After packing his car with generators, a PA, and speakers on tripods, DeLaughter hit the road with a copy of Salvage Enterprise in hand—and nary a formal invite to actually host any of his guerrilla listening parties. Whether playing amidst the open expanse of Joshua Tree, the cliffs of San Diego, Topanga Canyon, or even a church whose members stepped up after cops nearly confiscated the listening parties’ gear, the month-long tour operated exclusively via social media DMs and DeLaughter’s enthusiasm. For the 58-year-old, having as few as three people show up to a particular listening party had a surprising impact.

“It was like the early days—I'd be in a van for three months at a time with Tripping Daisy, and you go and there's two people out there,” DeLaughter says. “Like I was starting all over again, not really knowing who was going to be there and if they're even into it or not. It was like spreading the word all over again, just doing it in a really different way, where I was wanting people to tune out, get away from the phone, and look at the sky and listen to an album that complemented that environment.”

Whether engaging in the gray legal zone of outdoor listening parties or maintaining the Spree’s regular Texas tour dates, including an annual Dallas Christmas concert streak of over 20 years, DeLaughter admits a consistent impulse drives him—the same one that not only egged the Spree into existence but spurred his first band into action.

“If you listen to Tripping Daisy [lyrics], there's an element of overcoming what life dishes out,” DeLaughter says. “Music's become my vessel to express myself and talk myself through this thing called life. With this band, it becomes more technicolor than anything I've ever done before. I've always used these songs, this record to convince myself of things, of being able to move from point A to B. Nothing's changed. It's just how I'm wired and what I need in order to get me where I need to go.”

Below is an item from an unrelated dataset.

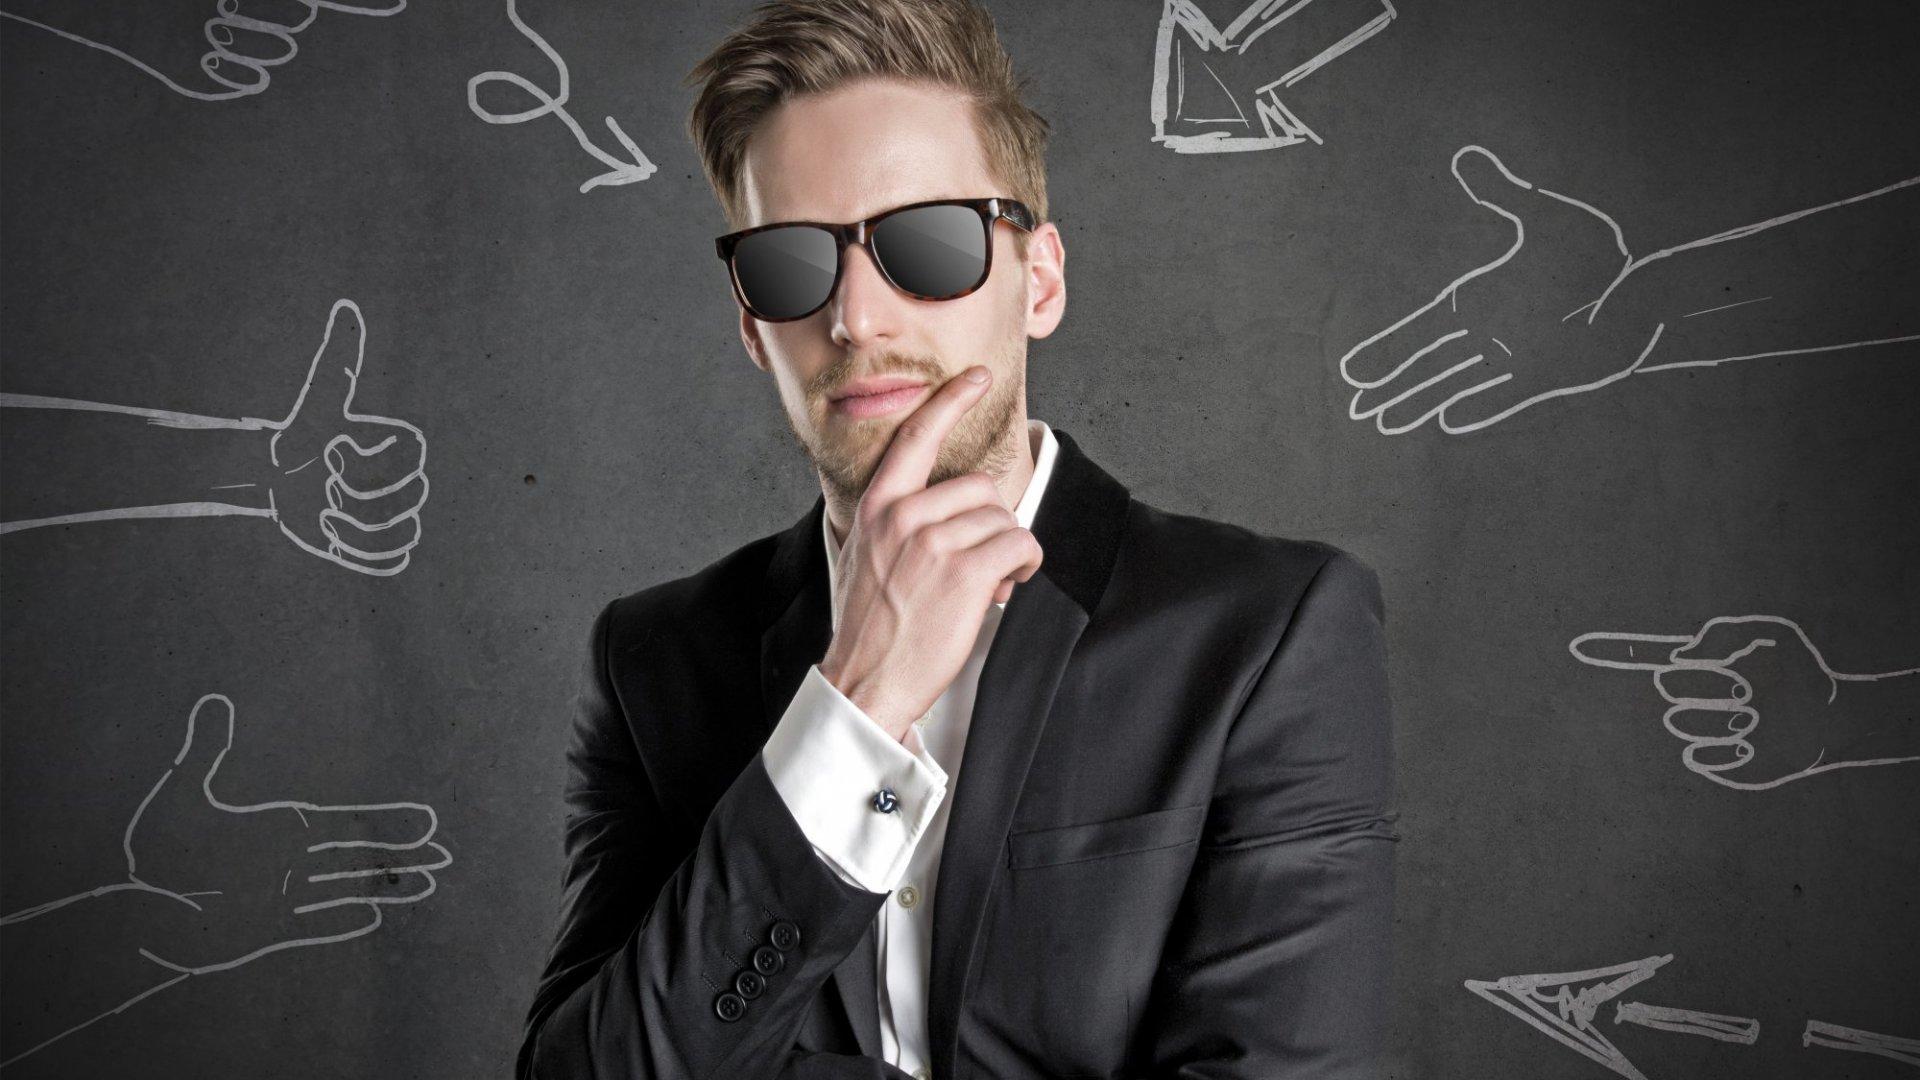 5 Mistakes Narcissistic Leaders Make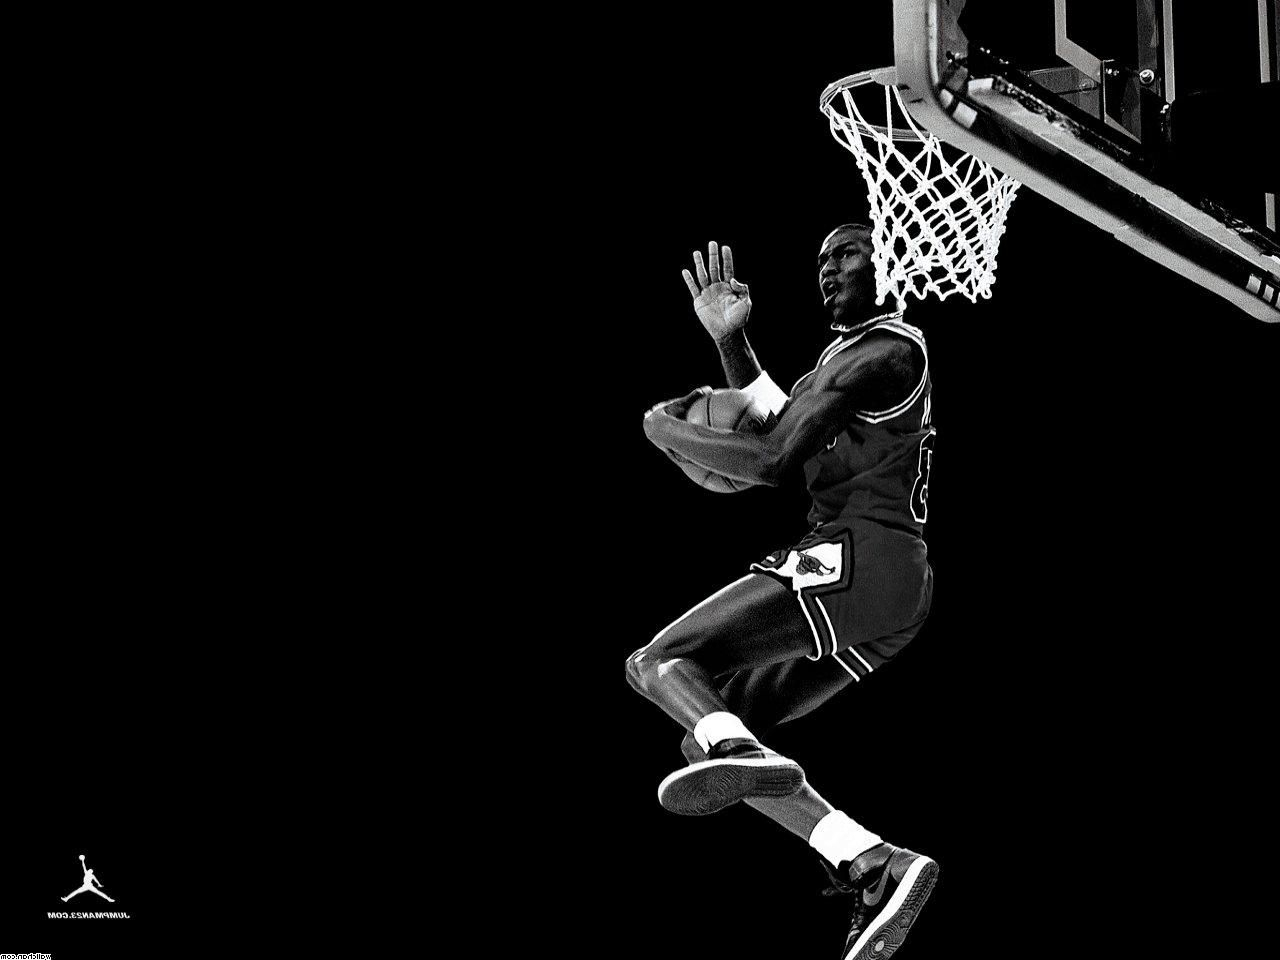 Michael Jordan White Background: 10 Most Popular Michael Jordan Wallpaper Black And White

Whatever you call them—a band, a collective, a cult, or a bunch of professors and trivia hosts—the Spree is still operating as an act of sonic wonder. A “normal” Spree moment might see a full choir scream-singing, “smiling at the goddess of evil, I learned to fly,” over a bed of horns and amplified guitars, maybe with more dynamism or life-weary survival behind them, but otherwise carrying the same spirit that once blasted out of iPod commercials or toured for David Bowie in the early ‘00s. Count yourself lucky that such a sensation is still around today, still being delivered to your city via a rickety old hockey bus.


The Polyphonic Spree play Bumbershoot’s Mural Stage Sunday, September 1, at 6:25 pm.